We put so much weight on money because of its association with our survival, security, and safety.

For a new neural pathway to take hold, we need to practice the action and mindset with a conscious mind. Think of it like driving to and from work every day. Are there days you get to work and can’t remember driving to get there? We have driven it so many times it is second nature. Next time, take a different way to work. We are alert, checking both ways at intersections, and thinking ahead to our next turn. To reinforce a new route, a new mindset, we must practice it every day until it becomes second nature.




Below are some questions related to our money mindset to start the process of digging deep.* I encourage you to think about these questions, and come back to them a few times and write some more. I once had a money flashback while on the bus home from work two days after I journaled through these questions. Things can take time to come back, and each time we peel away one layer, a new one appears.
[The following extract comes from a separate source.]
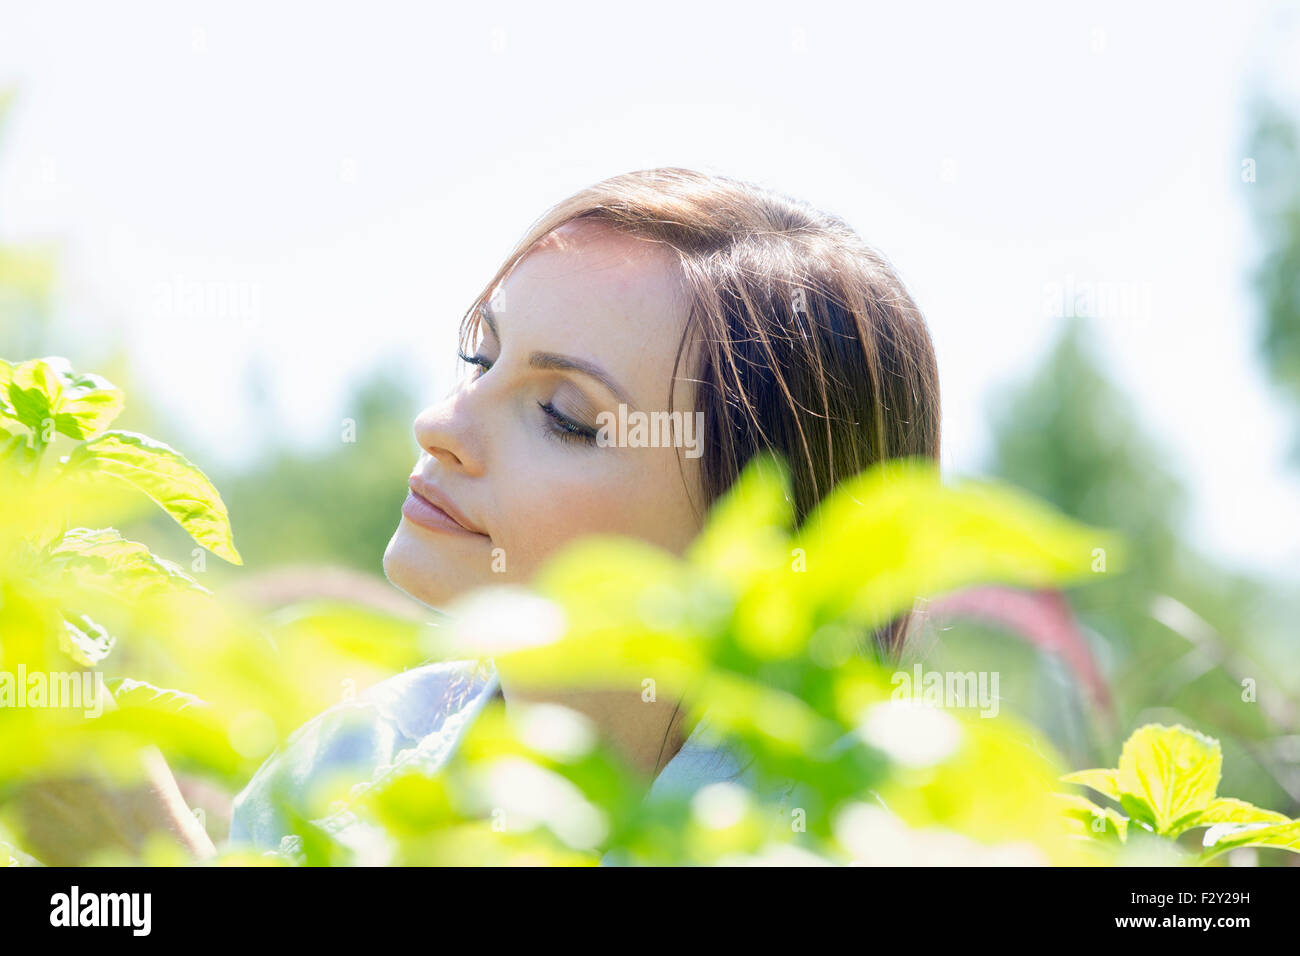 Junge Frau im freien umgeben von grünen Pflanzen. Stockfoto
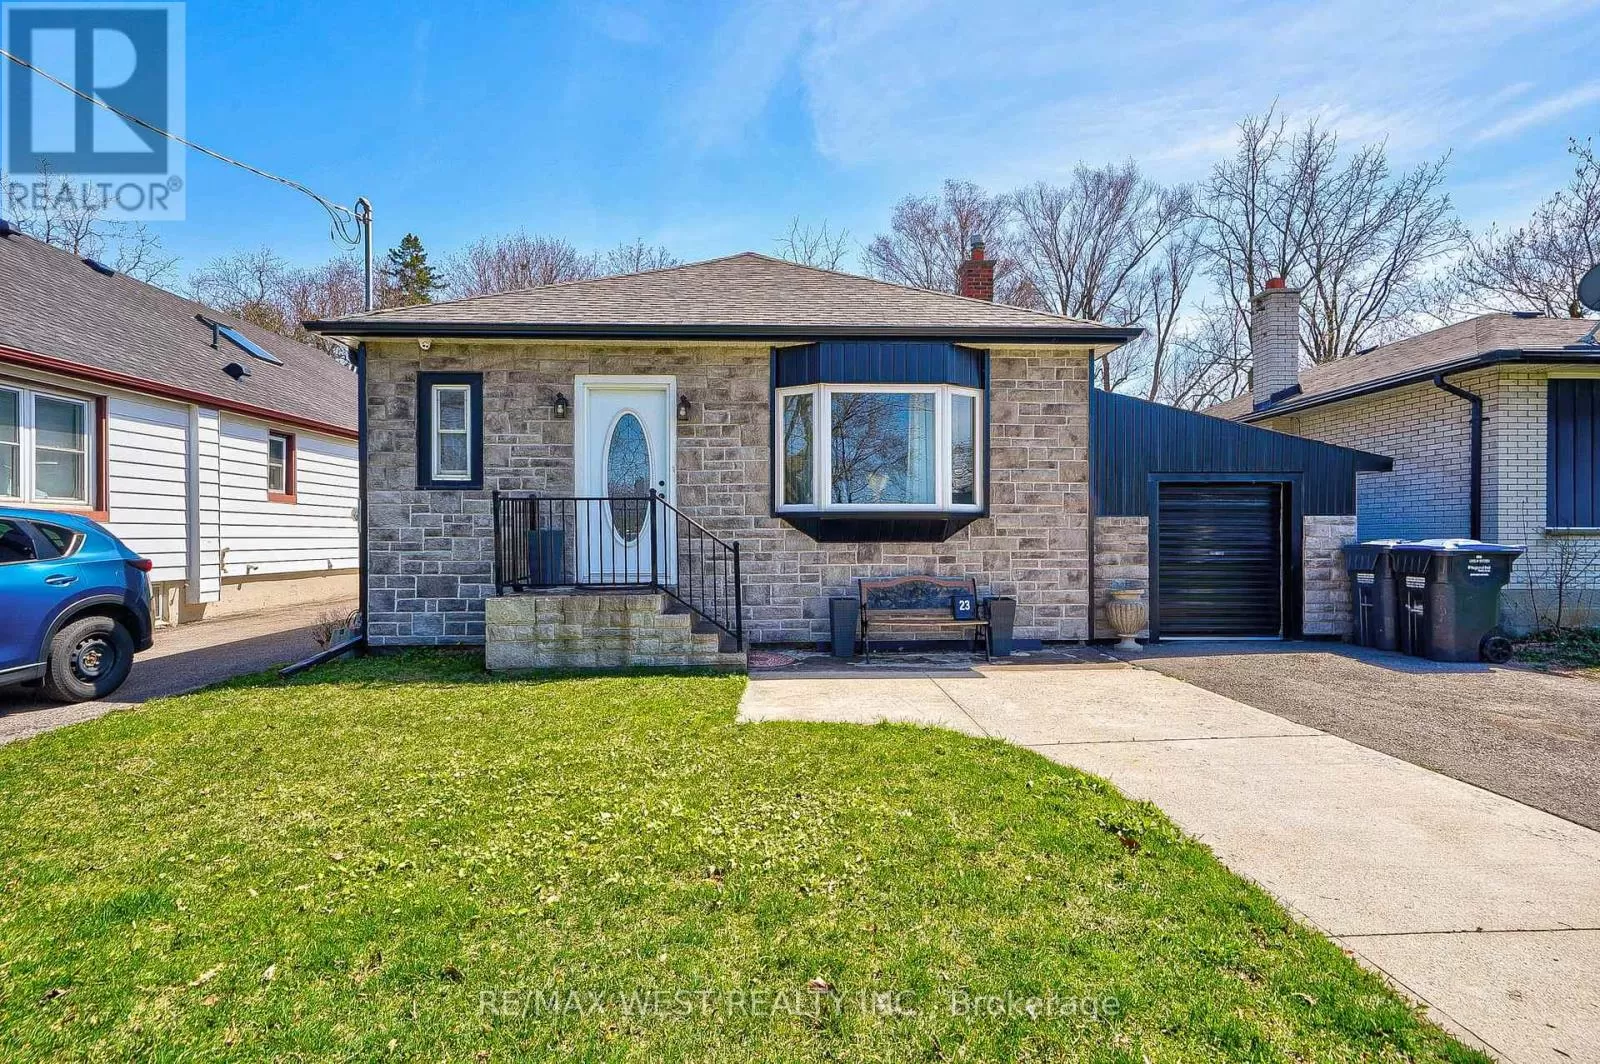 House for rent: 23 Fraser Ave, Brampton, Ontario L5B 2K9

Until we master fear, shame, and judgment over our money, it will own us.

  • What was your caretaker’s relationship with money like when you were 0-14 years old? What was their mindset? Are you living with the same relationship or mindset now?


  • What was the economic state of the community you grew up in? Were your relatives in a similar state?


  • What were the conversations around money like in your family? Positive or Negative? Non-existent or Every day?


  • If your family grew up with a lot of money, did you grow up trying to hide it, or was it flaunted through luxury products and extravagant trips? Did you feel judged? What if you grew up poor?


  • Were you encouraged or forced to do things for money that felt shameful?


  • Was love bought through money and gifts?


  • What was money used for? Survival? External Validation? Control? Status? Manipulation? Perfectionism?


  • What is a belief around money we are holding onto that we want to change?


  • Reframe above – what is our new money belief?


  • What action step can we take today to move in the direction of that new belief?


Once we identify our feelings and mindset around money, we can start letting go of those mindsets that no longer serve us, and make room for new ones that do.


Kelsey


*this is not meant to take the place of licensed therapy - if you have experienced trauma surrounding money, such as payment for sexual actions, please consider reaching out to a licensed therapist who can help navigate in a safe space.